Input: '{"capacity":2,"existing_log":[{"op":"put","key":{"b":2,"a":1},"value":"first"},{"op":"put","key":["x",{"d":4,"c":3}],"value":"second"},{"op":"get","key":{"a":1,"b":2},"hit":true}],"operations":[{"op":"get","key":["x",{"c":3,"d":4}]},{"op":"put","key":"new","value":99},{"op":"get","key":{"b":2,"a":1}}]}'
Expected Output: '{"final_cache":[[["x",{"c":3,"d":4}],"second"],["new",99]],"get_results":["second",null],"updated_log":[{"key":{"a":1,"b":2},"op":"put","value":"first"},{"key":["x",{"c":3,"d":4}],"op":"put","value":"second"},{"hit":true,"key":{"a":1,"b":2},"op":"get"},{"hit":true,"key":["x",{"c":3,"d":4}],"op":"get"},{"key":"new","op":"put","value":99},{"hit":false,"key":{"a":1,"b":2},"op":"get"}]}'
Explanation: Object keys are normalized, so equivalent JSON objects match even when their field order differs.

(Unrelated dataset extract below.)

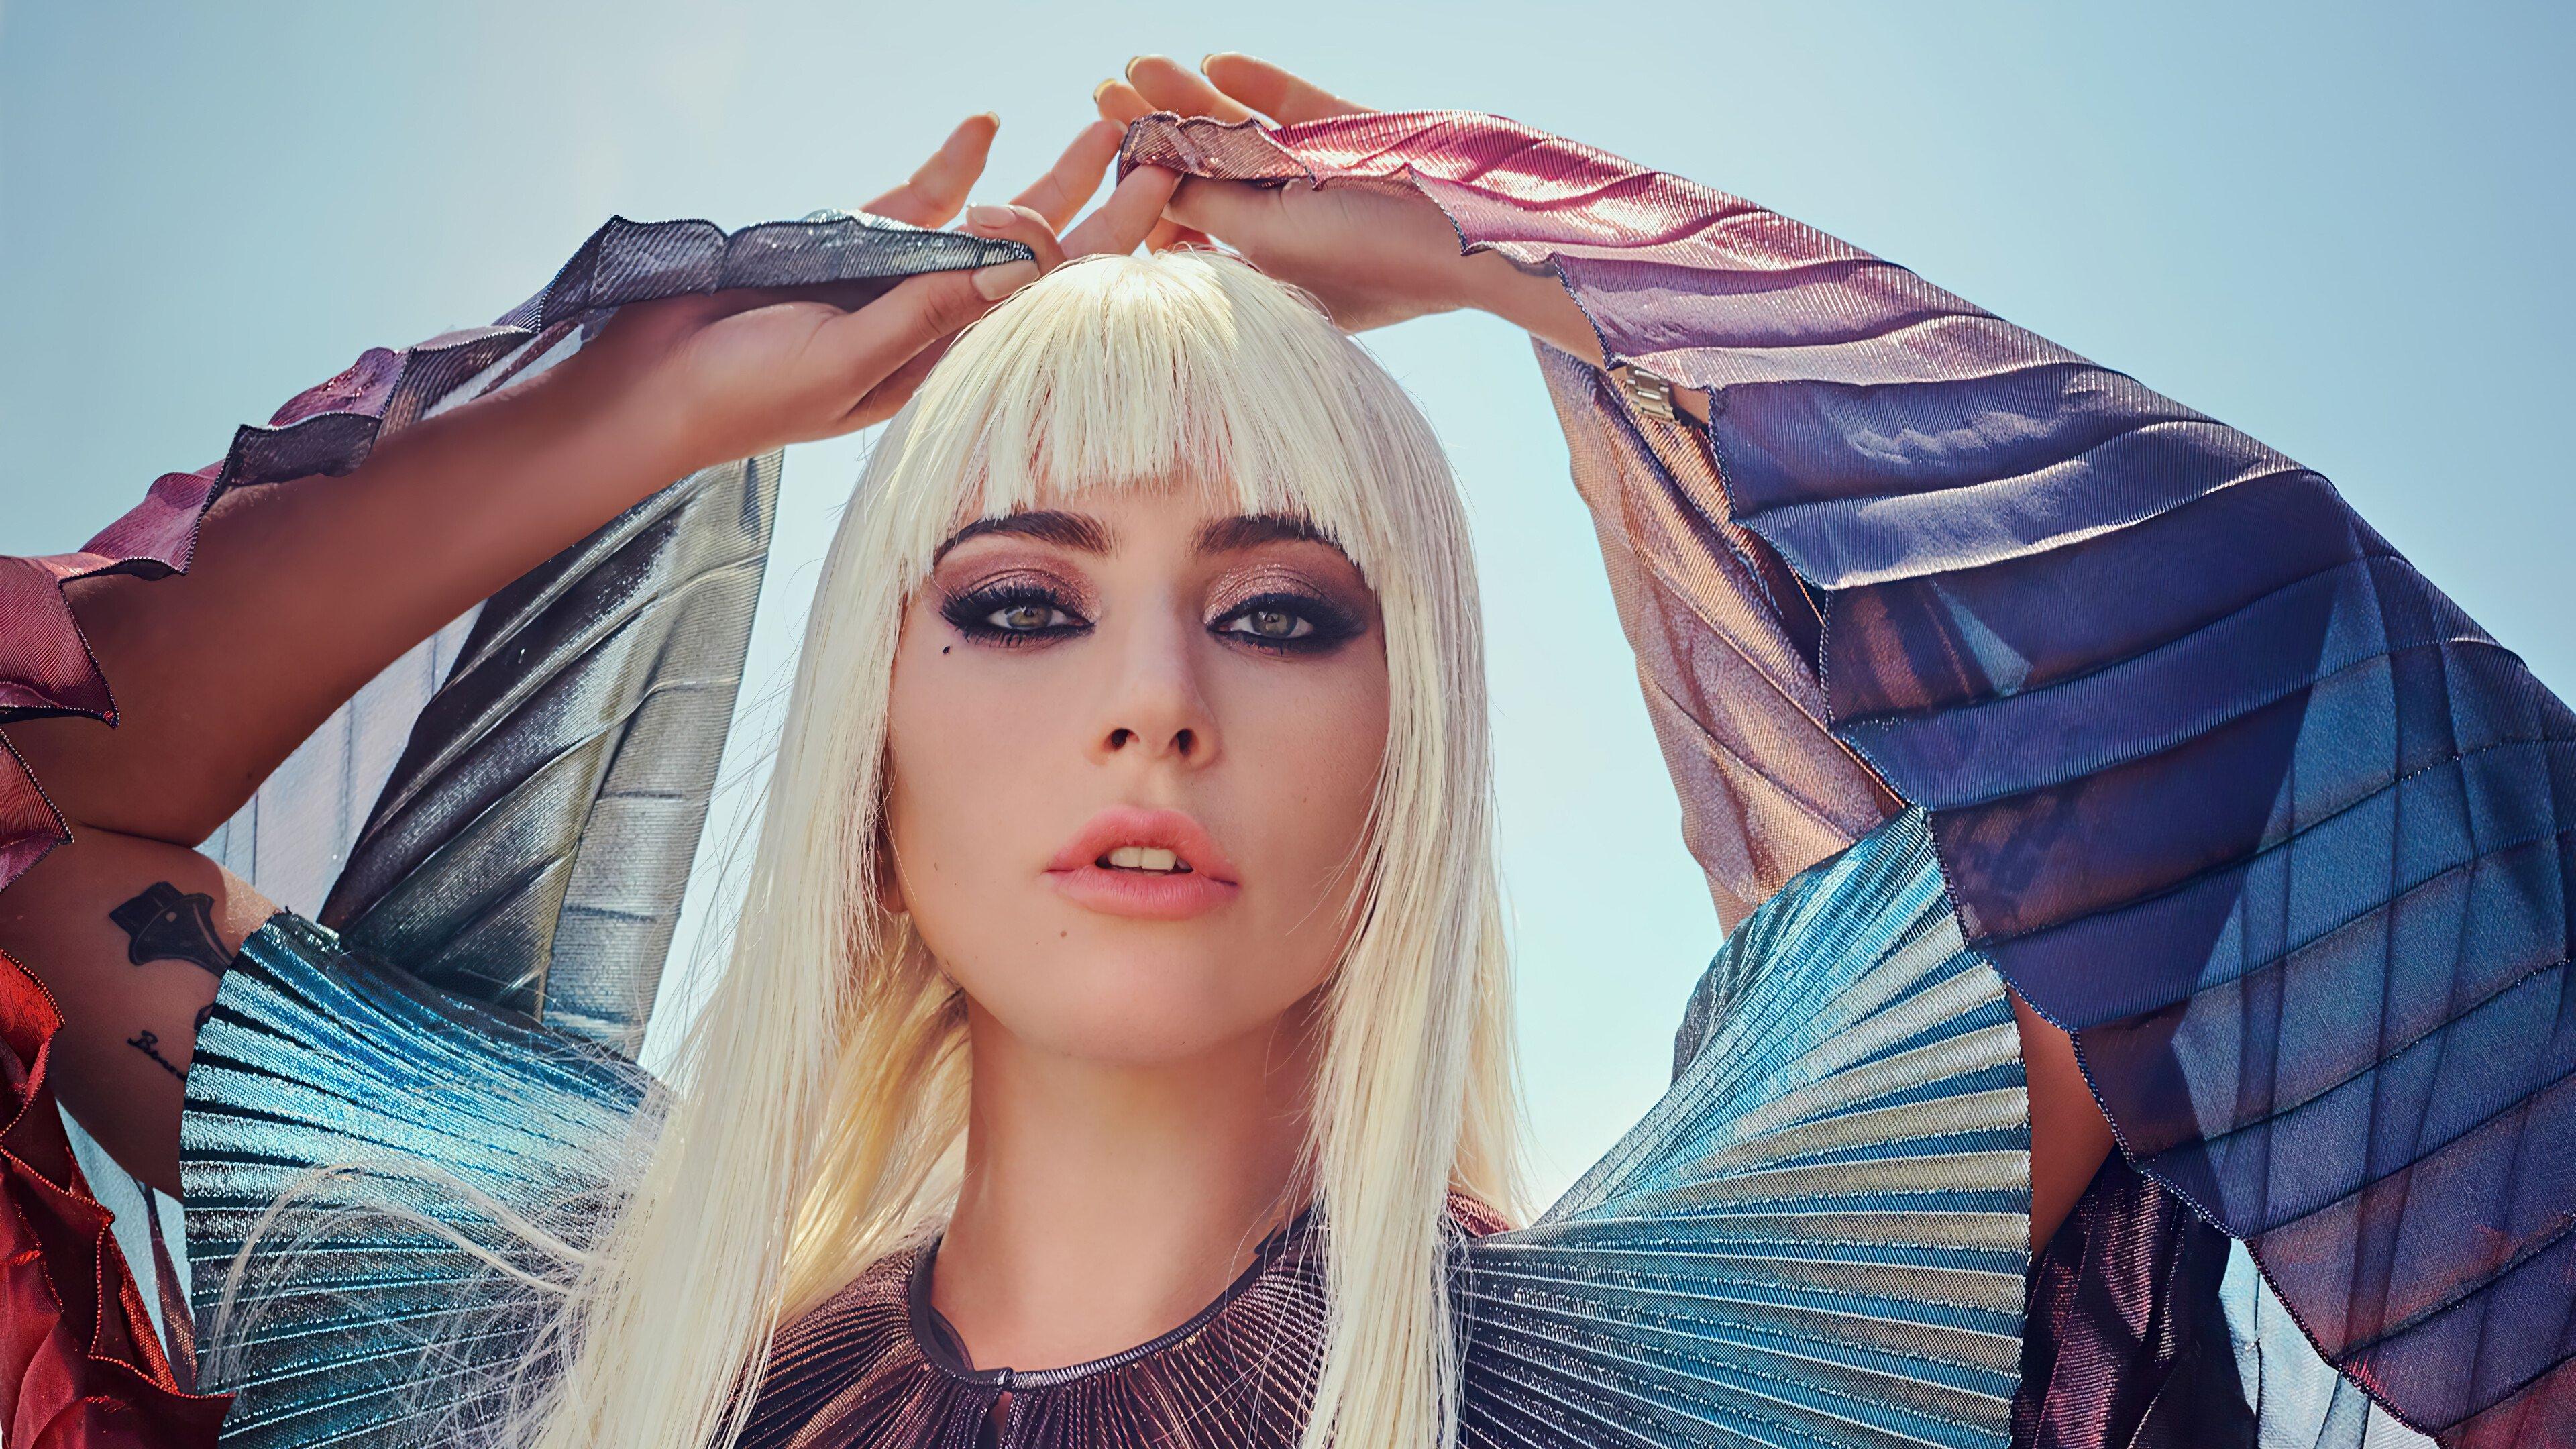 Fondos de pantalla Lady Gaga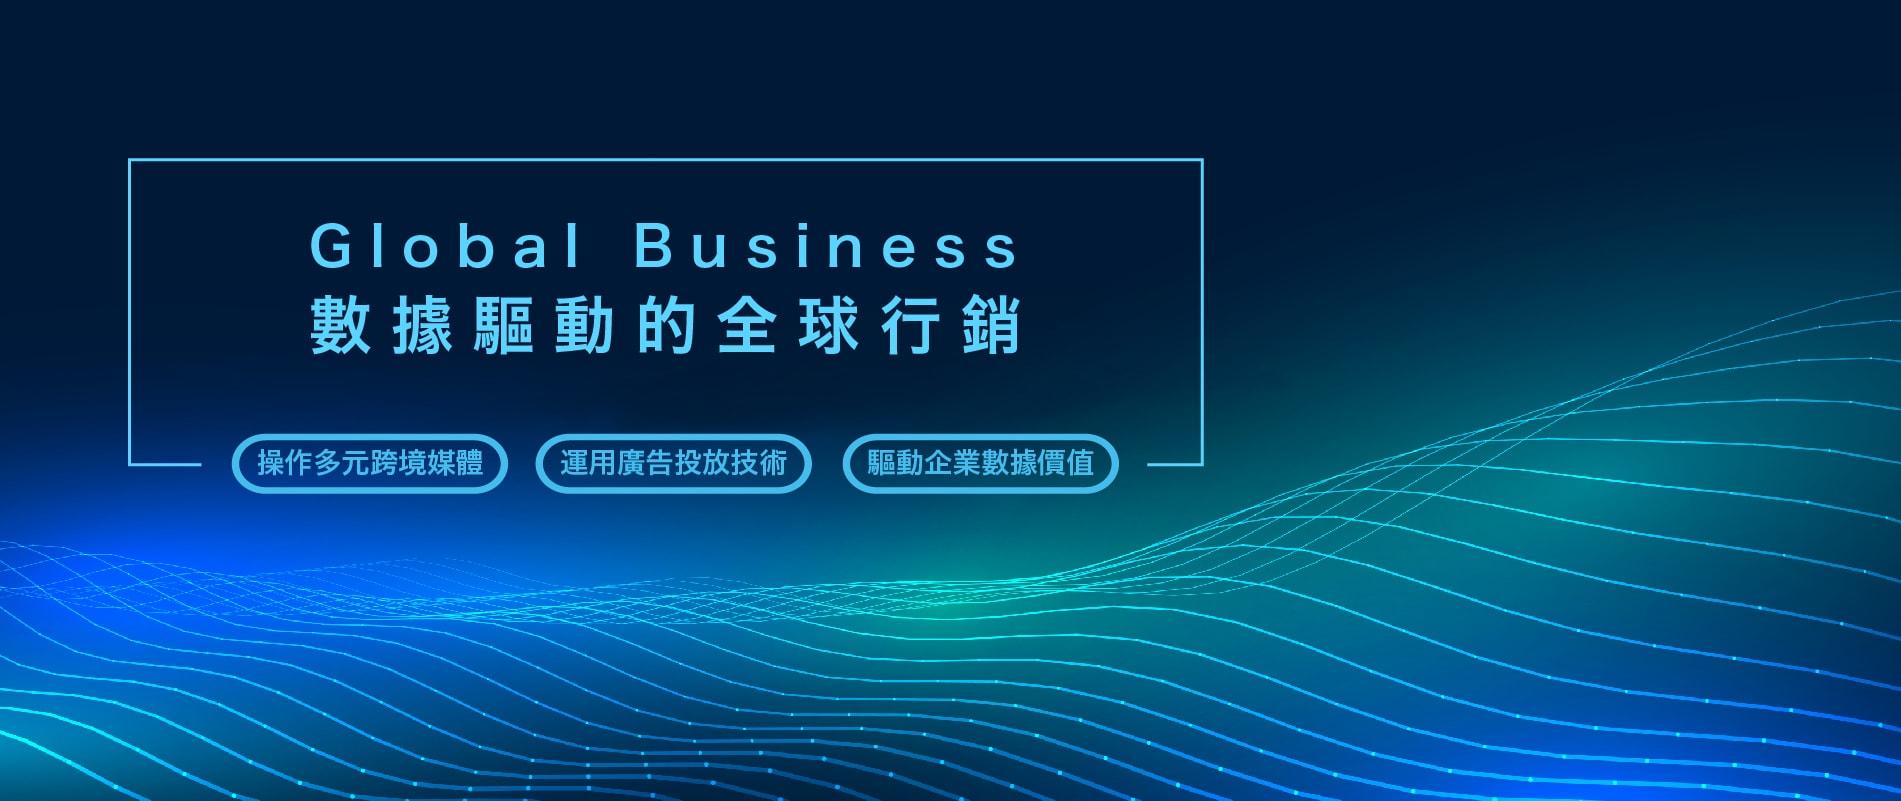 數據驅動的全球行銷、多元跨境媒體、廣告投放技術、企業數據價值

Input: '{"capacity":0,"existing_log":[],"operations":[{"op":"put","key":"a","value":1},{"op":"get","key":"a"}]}'
Expected Output: '{"final_cache":[],"get_results":[null],"updated_log":[{"key":"a","op":"put","value":1},{"hit":false,"key":"a","op":"get"}]}'
Explanation: Boundary case: a zero-capacity cache stores nothing, but every access is still logged.
Hints
- Replay the valid log from left to right. A recovered put updates value and MRU order; a recovered get with hit=true only moves the key to MRU if it currently exists.
- Use one normalized representation of a JSON key for hashing in memory, and another JSON-safe representation for output.